To make their estimate, his group chose a type of data that’s been relatively consistent over time—anatomical measurements of plants and animals—and dug up between 25 and 40 papers for each odd year during the period that used this sort of data, to see if they could hunt down the raw numbers.

A surprising amount of their inquiries were halted at the very first step: for 25 percent of the studies, active email addresses couldn’t be found, with defunct addresses listed on the paper itself and web searches not turning up any current ones. For another 38 percent of studies, their queries led to no response. Another 7 percent of the data sets were lost or inaccessible.

“Some of the time, for instance, it was saved on three-and-a-half inch floppy disks, so no one could access it, because they no longer had the proper drives,” Vines says.
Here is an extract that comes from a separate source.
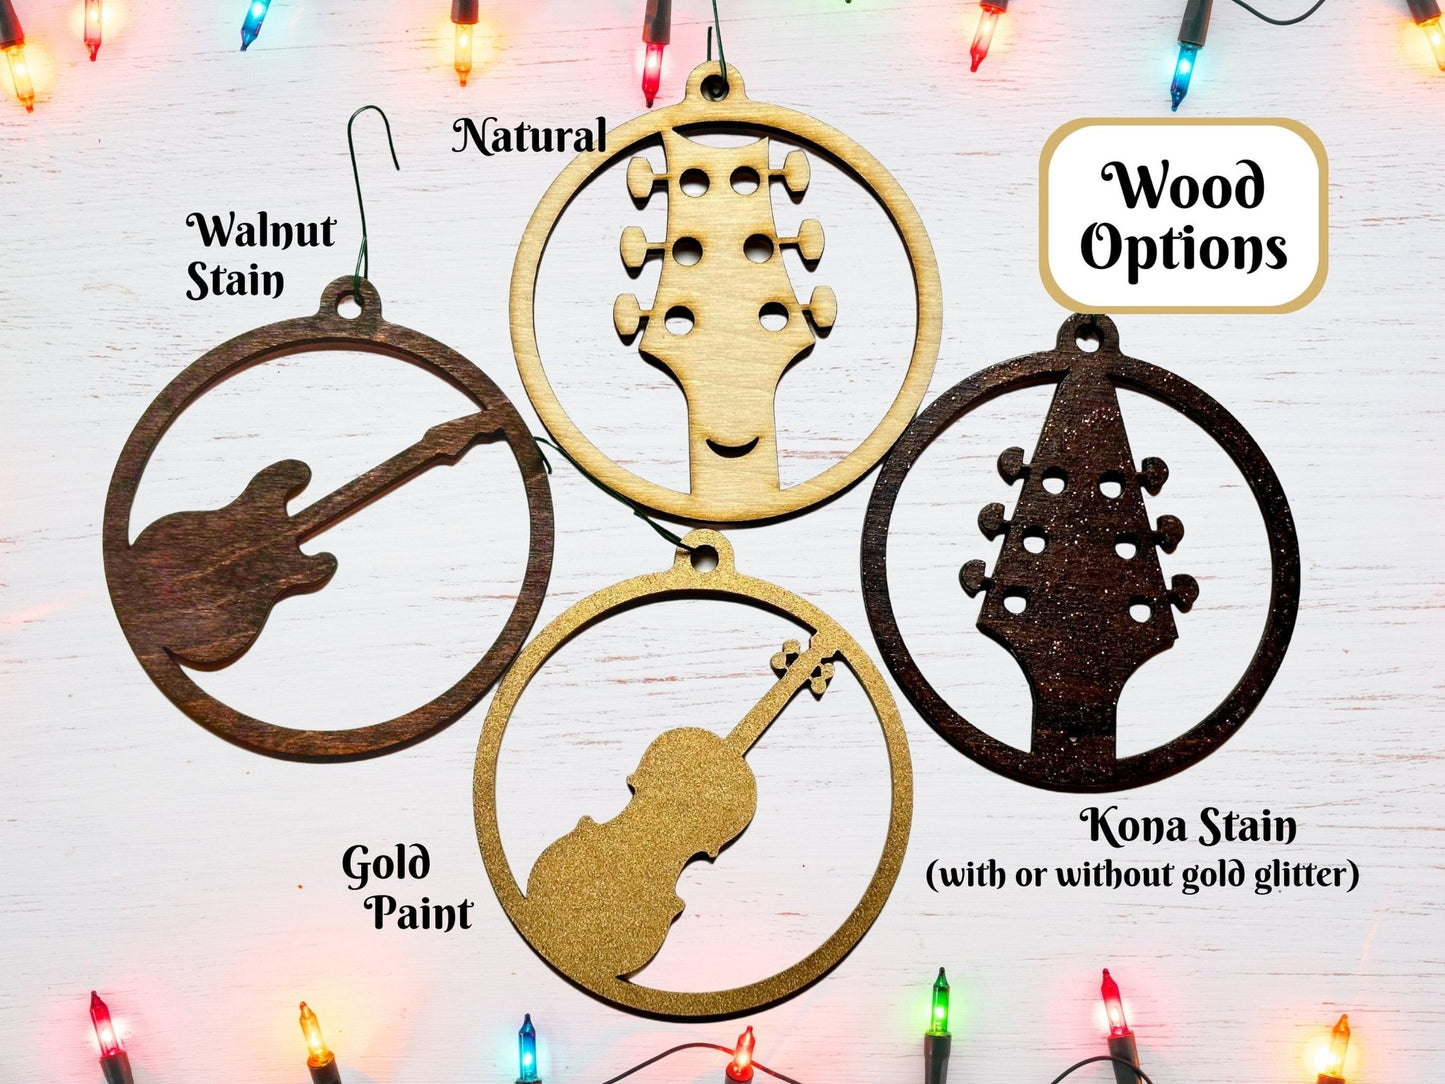 Electric Guitar Headstock Ornament | Spear Shape - Driftless Enchantments

Because the basic idea of keeping data is so that it can be used by others in future research, this sort of obsolescence essentially renders the data useless.

These might seem like mundane obstacles, but scientists are just like the rest of us—they change email addresses, they get new computers with different drives, they lose their file backups—so these trends reflect serious, systemic problems in science.

===============================================================

The paper:

The Availability of Research Data Declines Rapidly with Article Age


Highlights

• We examined the availability of data from 516 studies between 2 and 22 years old

• The odds of a data set being reported as extant fell by 17% per year

• Broken e-mails and obsolete storage devices were the main obstacles to data sharing

• Policies mandating data archiving at publication are clearly needed


Summary

Policies ensuring that research data are available on public archives are increasingly being implemented at the government [1], funding agency [2, 3 and 4], and journal [5 and 6] level. These policies are predicated on the idea that authors are poor stewards of their data, particularly over the long term [7], and indeed many studies have found that authors are often unable or unwilling to share their data [8, 9, 10 and 11]. However, there are no systematic estimates of how the availability of research data changes with time since publication. We therefore requested data sets from a relatively homogenous set of 516 articles published between 2 and 22 years ago, and found that availability of the data was strongly affected by article age. For papers where the authors gave the status of their data, the odds of a data set being extant fell by 17% per year. In addition, the odds that we could find a working e-mail address for the first, last, or corresponding author fell by 7% per year. Our results reinforce the notion that, in the long term, research data cannot be reliably preserved by individual researchers, and further demonstrate the urgent need for policies mandating data sharing via public archives.


Results

We investigated how research data availability changes with article age. To avoid potential confounding effects of data type and different research community practices, we focused on recovering data from articles containing morphological data from plants or animals that made use of a discriminant function analysis (DFA). Our final data set consisted of 516 articles published between 1991 and 2011. We found at least one apparently working e-mail for 385 papers (74%), either in the article itself or by searching online. We received 101 data sets (19%) and were told that another 20 (4%) were still in use and could not be shared, such that a total of 121 data sets (23%) were confirmed as extant. Table 1 provides a breakdown of the data by year.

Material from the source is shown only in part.